To demultiplex the dRNA-seq reads, the BLASTN tool was used to find all possible alignments between a read and the library of designs, with the best matching design being chosen^46,47. Optimizing the BLASTN parameters is crucial for accurate characterization and so computational analyses were performed where a smaller library (540 designs, Supplementary Fig. 2) was used to systematically explore the role of each BLASTN parameter. Each design was given a random termination efficiency and had a set of full-length terminated and non-terminated reads generated based on our model. These reads were then pooled for all the designs and attempts made to demultiplex and infer the original termination efficiencies for each design. This allowed us to generate an optimized set of parameters that allows each design to be accurately identified (see “Methods” section).

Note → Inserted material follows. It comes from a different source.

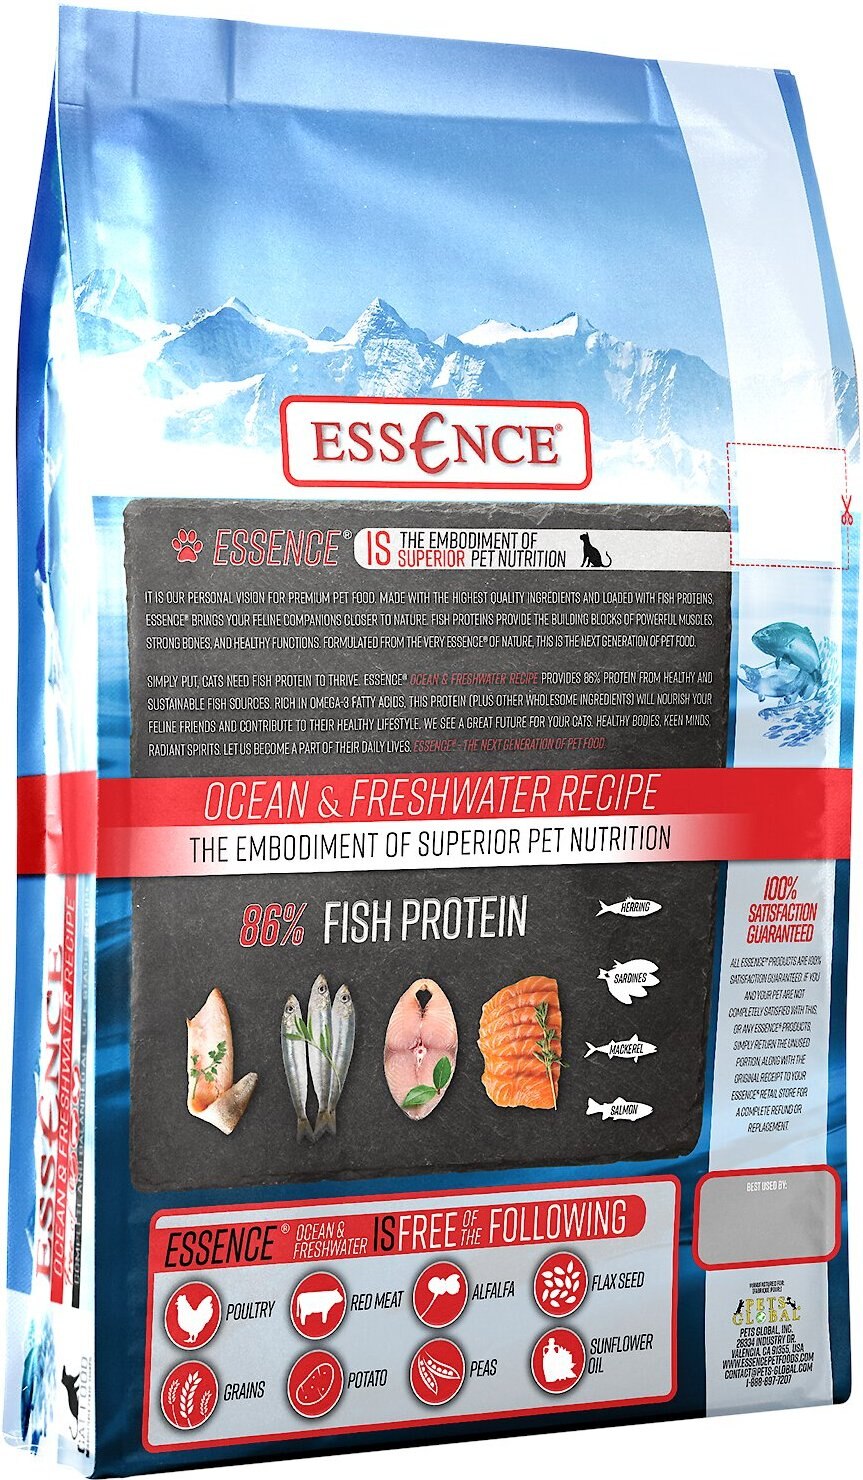 ESSENCE Ocean & Freshwater Recipe GrainFree Dry Cat Food, 4lb bag

The final computational demultiplexing and analysis pipeline (Fig. 1d) involved aligning the sequences of all designs against all reads using BLASTN with optimized parameters and then associating each read with the design that had the best alignment score (see “Methods” section). Reads for each design were then mapped to the appropriate reference sequence and design-specific read depth profiles generated, filtering out any reads where no terminator was present after alignment and mapping. Finally, termination efficiencies were calculated for each read depth profile as T_e = [R(x_s) − R(x_e)]/R(x_s), where R(x) is the read depth at position x in the genetic construct, and x_s and x_e are the start and end nucleotide position of the transcriptional valve, respectively.

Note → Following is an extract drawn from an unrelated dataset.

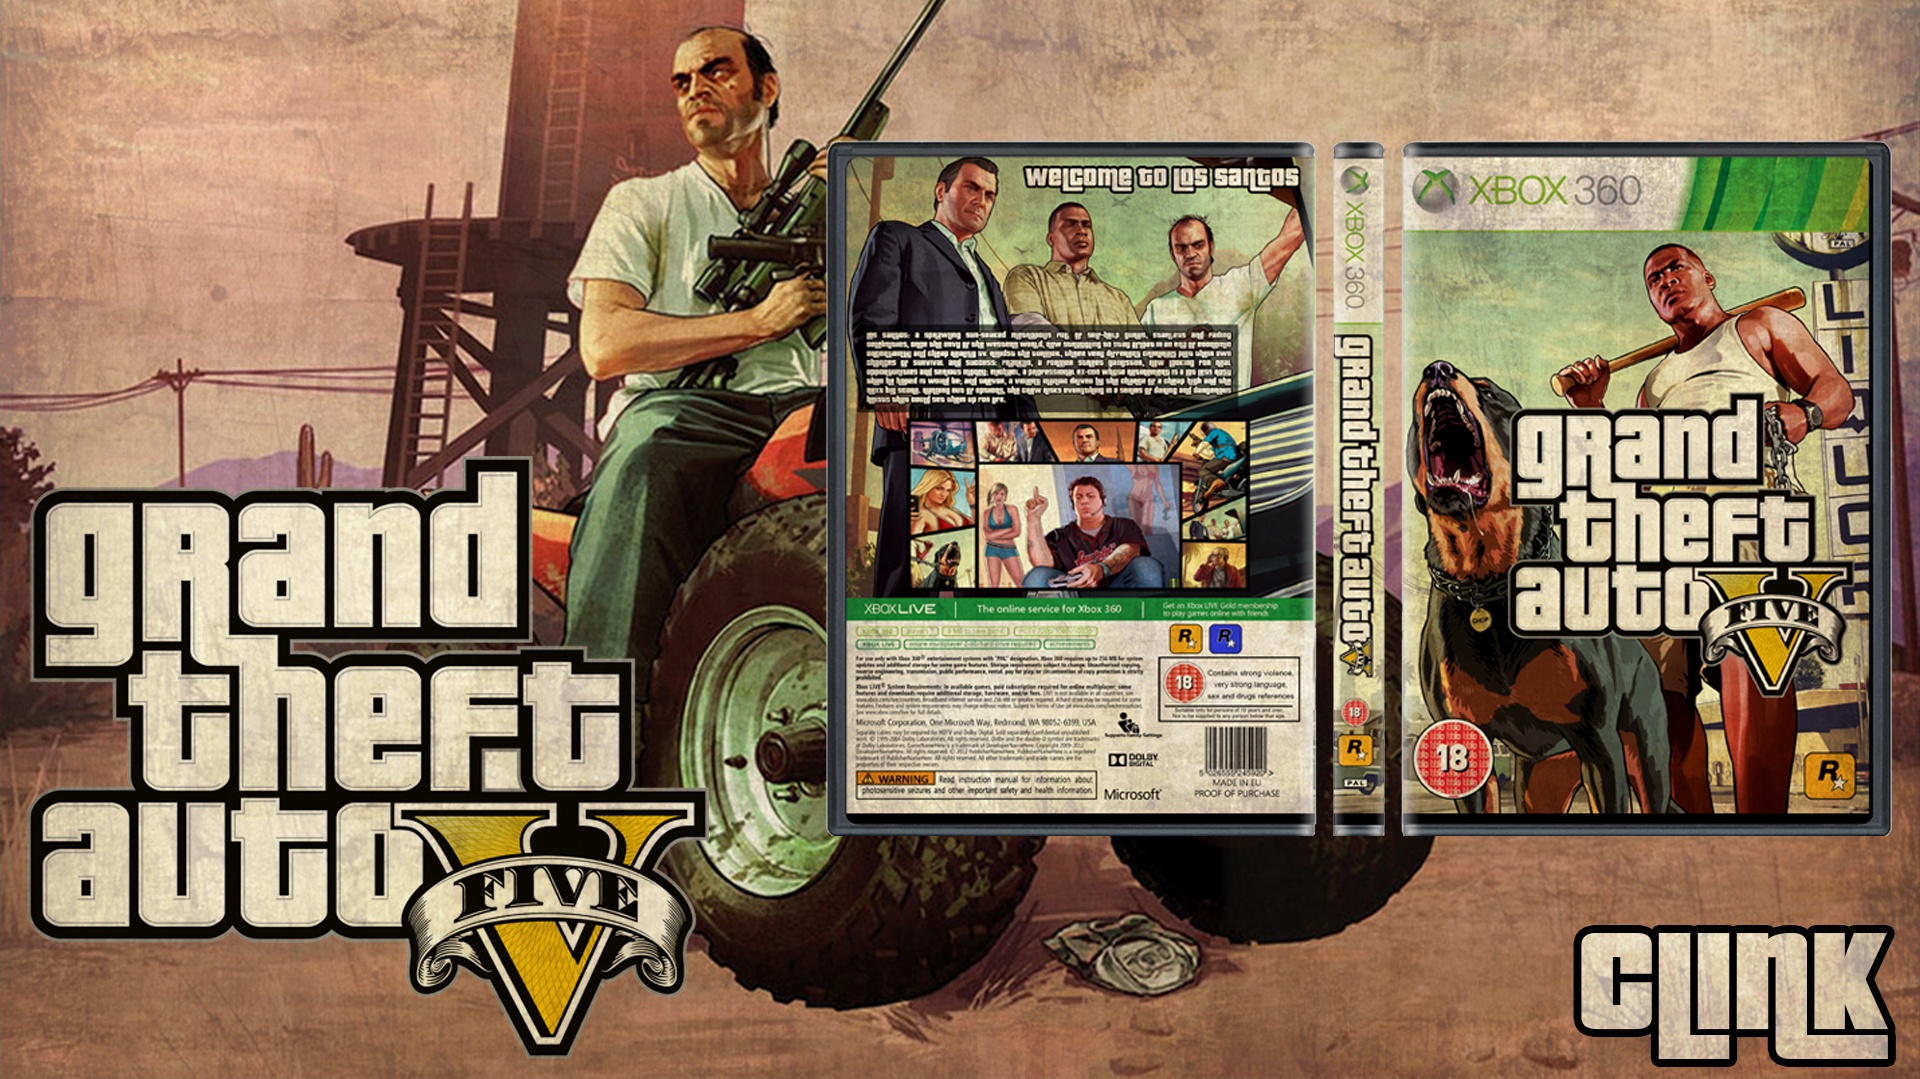 Игра бокс гта 5. GTA 5 Xbox 360 обложка. Grand Theft auto v обложка Xbox 360. GTA 5 Xbox 360 Cover. Xbox 360 обложка игры Grand Theft auto 5.

Characterizing transcription termination at nucleotide resolution

In vitro transcription using T7 RNA polymerase of the entire pool of DNA constructs followed by dRNA-seq enabled us to rapidly assay the performance of each design simultaneously. To ensure the accuracy of our measurements, a detailed analysis of the generated read depth profiles was performed, which revealed several key features in line with other dRNA-seq studies (Supplementary Note 2)⁴⁸. We also developed a mathematical model that allowed us to correct for unwanted deviations between actual and measured T_e (Supplementary Note 3; Supplementary Figs. 3–6). We found that transcript abundances were weakly correlated with DNA construct frequencies (R² = 0.22), with strong terminators over-represented in the dRNA-seq data. A good reproducibility was observed for T_e values between replicates (R² = 0.99) and for terminators shared across separately assembled libraries with different part compositions (Supplementary Fig. 7). This resulted in 98% of designs having a difference of <5% in T_e across the experimental replicates of our initial library.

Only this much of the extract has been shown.